I have customer data for individual periods. For some customers for some periods there are missing values. I would like to impute these values according to the following rule:
If the values for the preceding 2 periods and the following 2 periods exist, replace the missing value with the average of these 4 values. Also, I would like to set an indicator flag that this value has been imputed.
Here is the starting point:
df=pd.DataFrame({'cust_id': [1,1,1,1,1,1,2,2,2,2,2,2],
'period' : [1,2,3,4,5,6,1,2,3,4,5,6],
'volume' : [1,2,NaN,4,5,6,7,NaN,9,Nan,11,Nan]})
In the dataframe above for customer1 there is a missing value for period 3. According to the above rule it can be filled with the average of the 2 values before it and the two values that follow it.

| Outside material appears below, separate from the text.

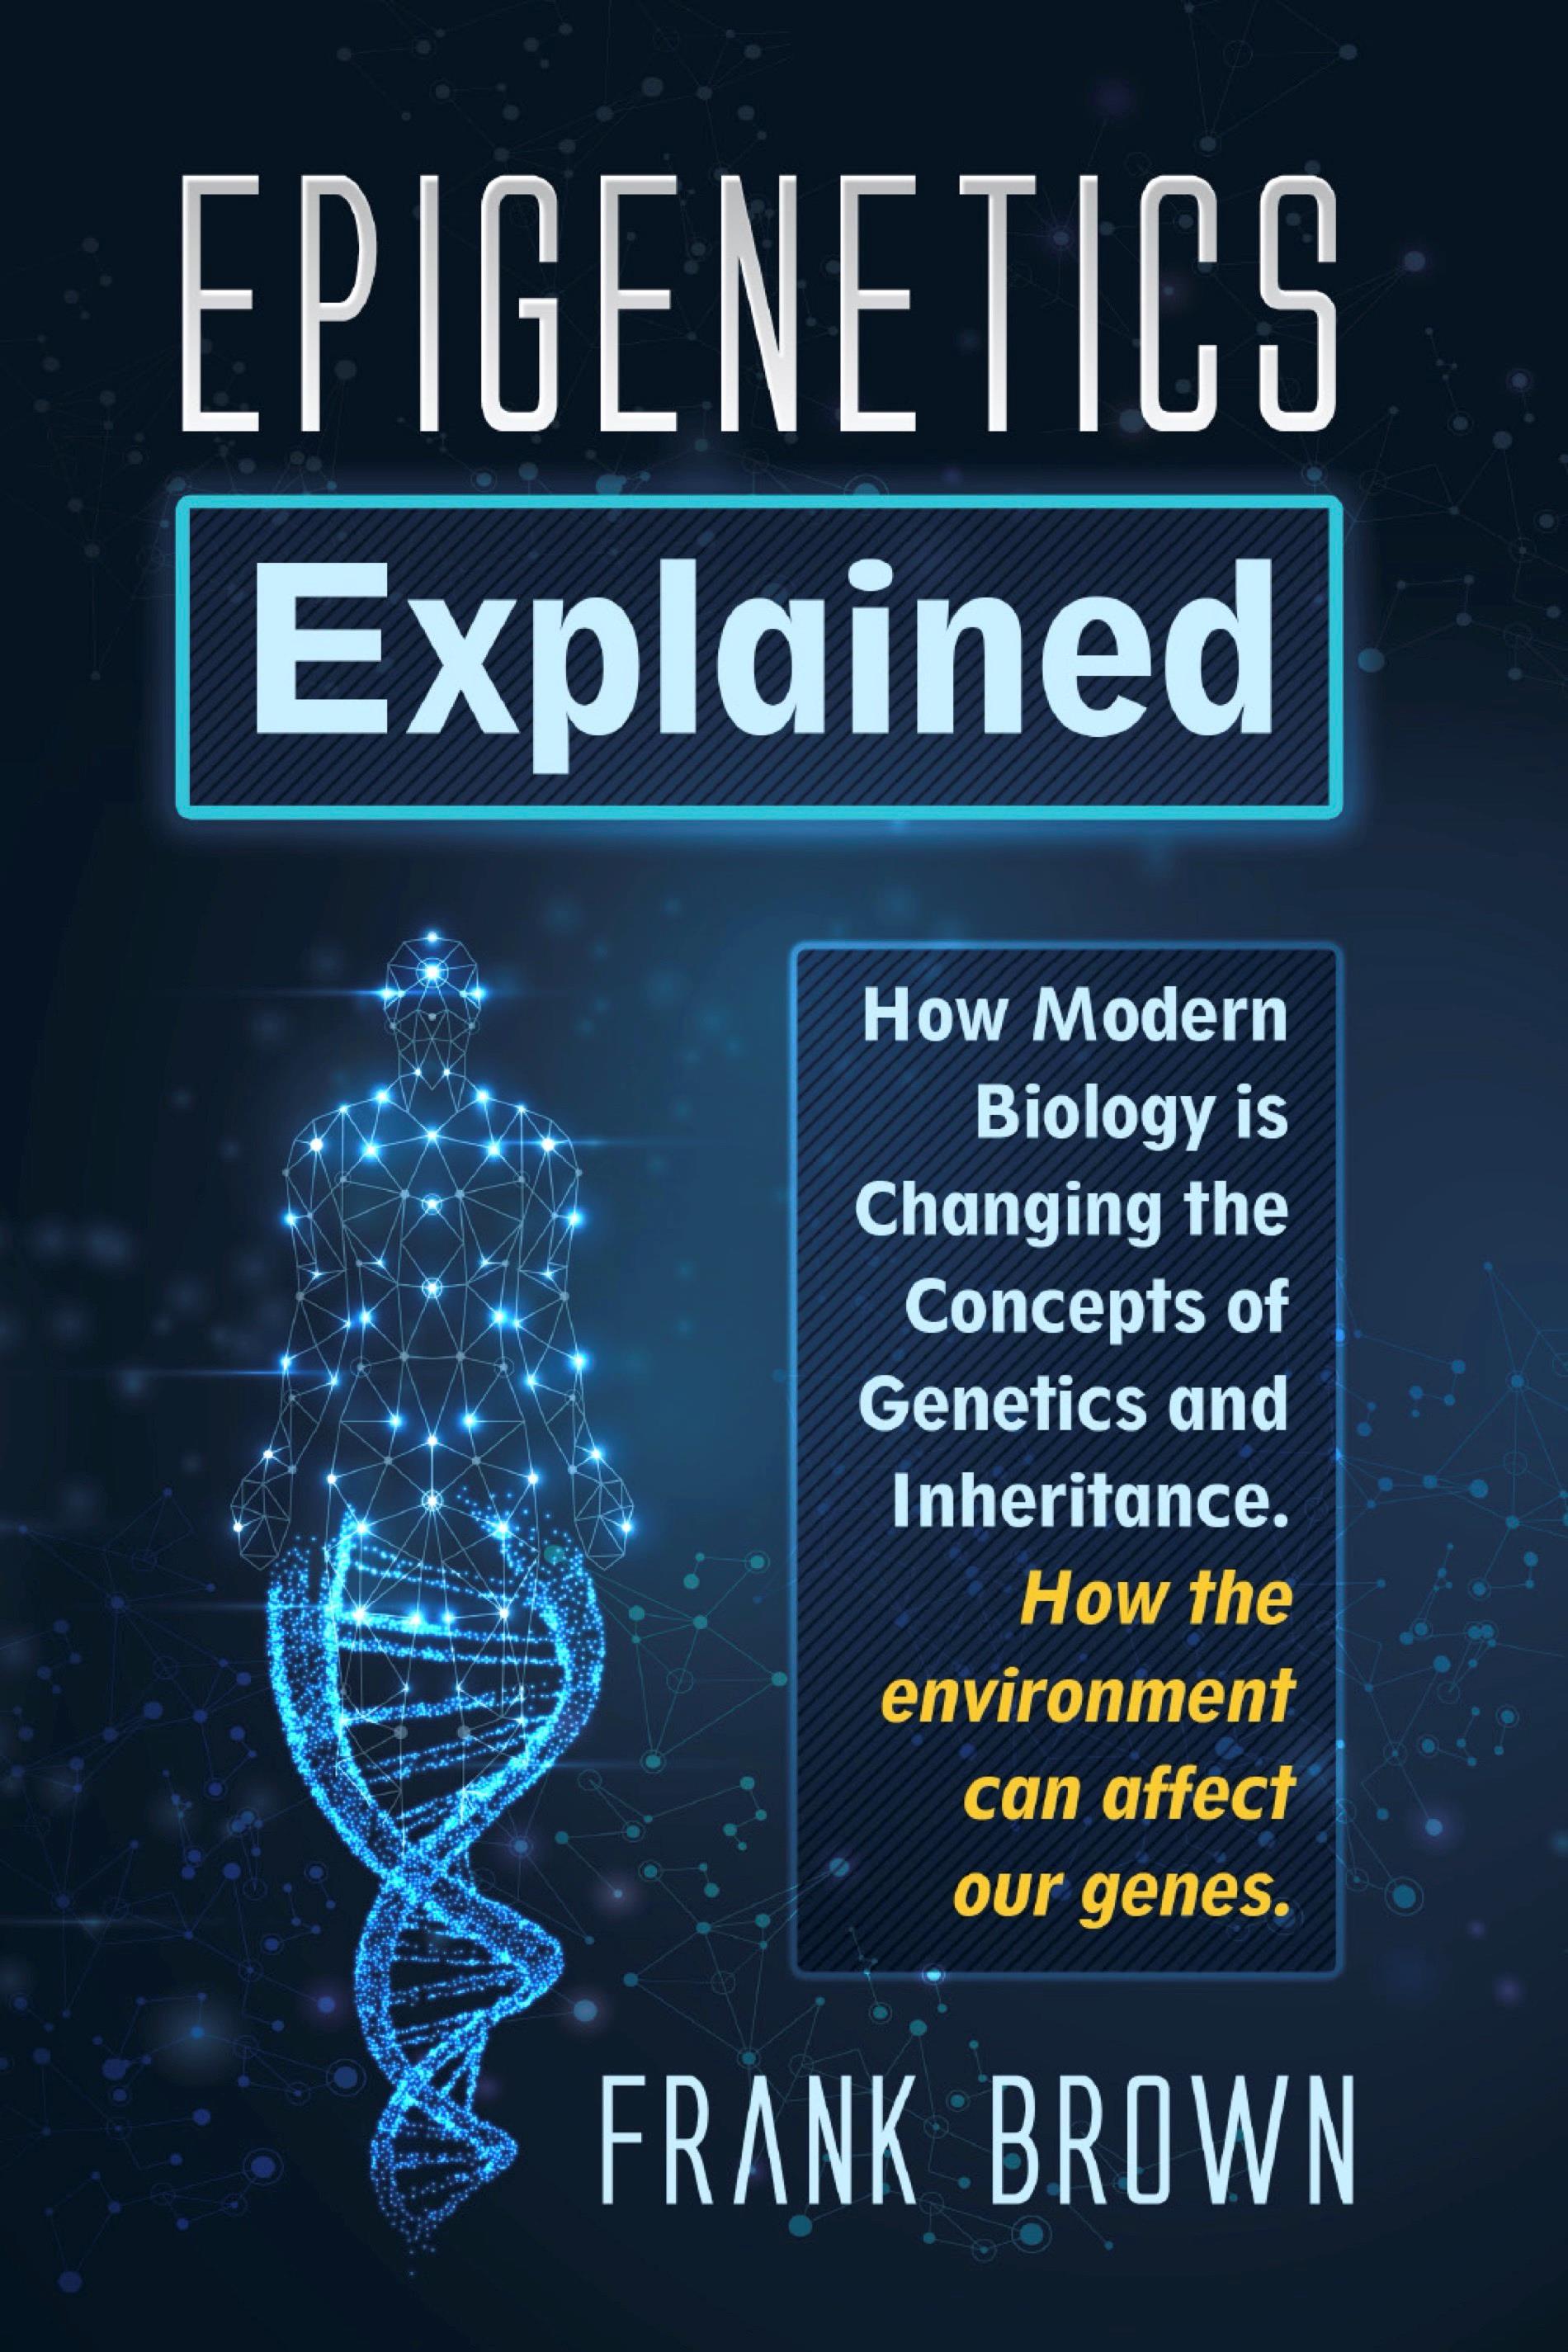 the　Modern　our　di　Brown　Genetics　of　Inheritance.　Frank　and　can　is　How　Concepts　genes.　PDF　environment　Changing　Biology　How　the　affect　Epigenetics　Explained.
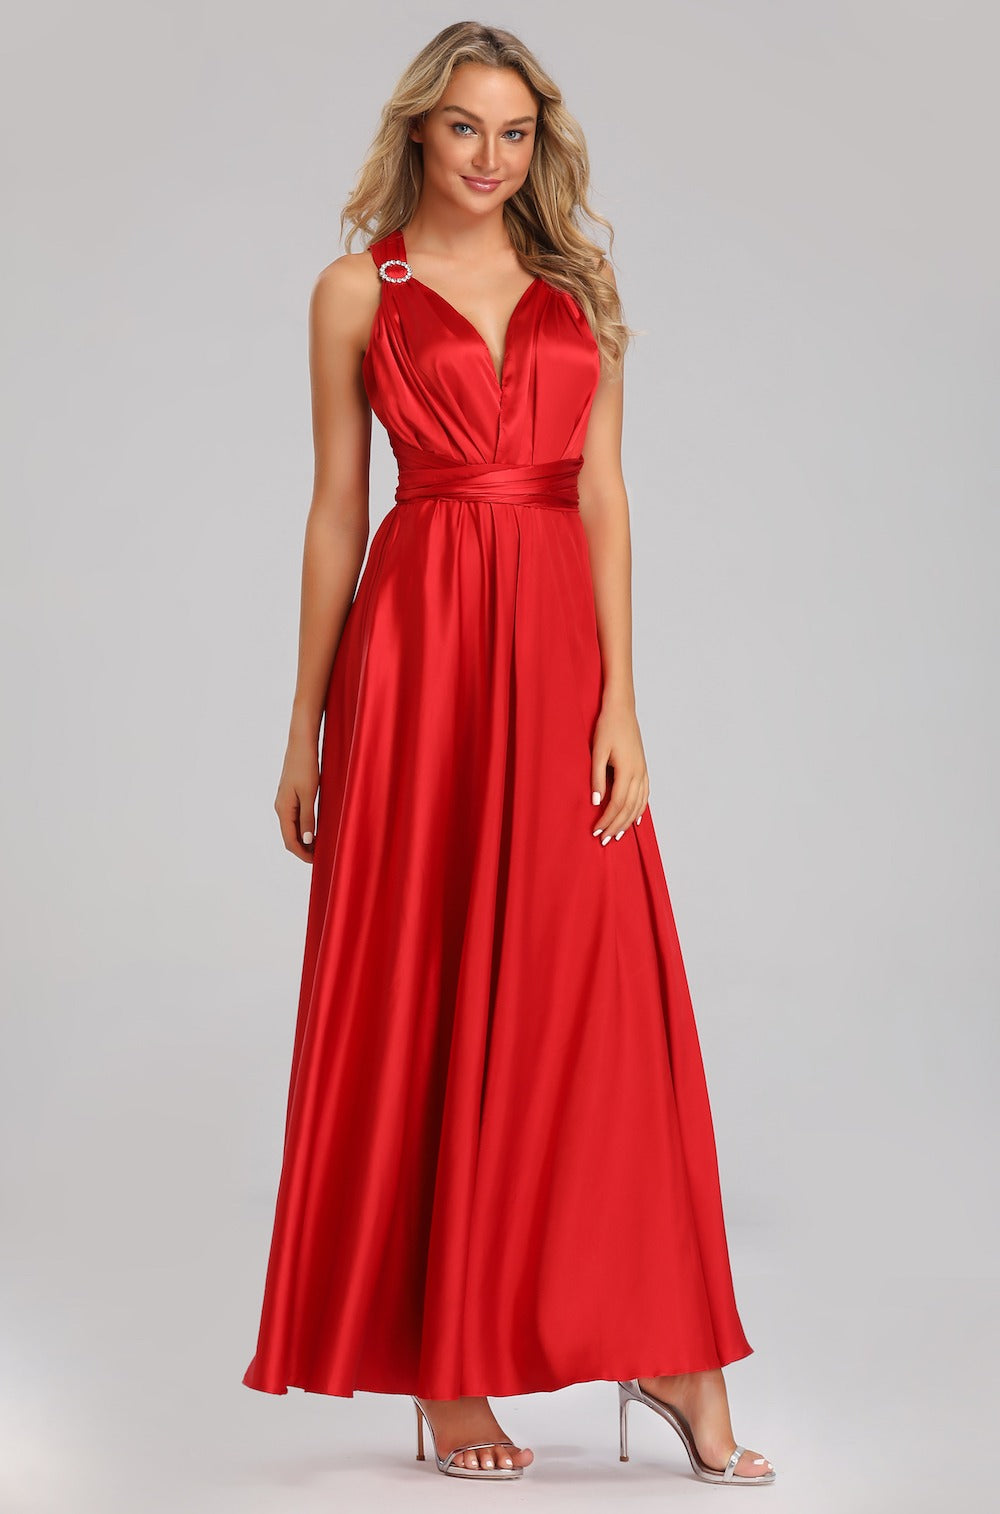 Rochie Amelie, Silky Satin Fabric, Passional red

For customer2 this rule won't change anything - there are 3 missing values in his case but there are not enough values on either side of each NaN value to compute the average.
So the end result will be:
df=pd.DataFrame({'cust_id': [1,1,1,1,1,1,2,2,2,2,2,2],
'period' : [1,2,3,4,5,6,1,2,3,4,5,6],
'volume' : [1,2,6,4,5,6,7,NaN,9,Nan,11,Nan],
'imputed' : [0,0,1,0,0,0,0,0,0,0,0,0]})
How to do that?
The following function does what is needed:
def impute_means (df, feat, min_per):
imp_feat = f'imputed_{feat}'
imputed = df.groupby('cust_id')[feat].rolling(5, min_periods = min_per, center = True).mean().droplevel(0)
df[imp_feat] = (imputed.notna() & df[feat].isna()).astype(int)
df[feat] = df[feat].fillna(imputed)
print(f'Imputed {df[imp_feat].sum()} values for {feat}')
The min_periods
parameter sets the minimal number of non null values within the adjacent window. The windows is set to 5 and is centered around the current row.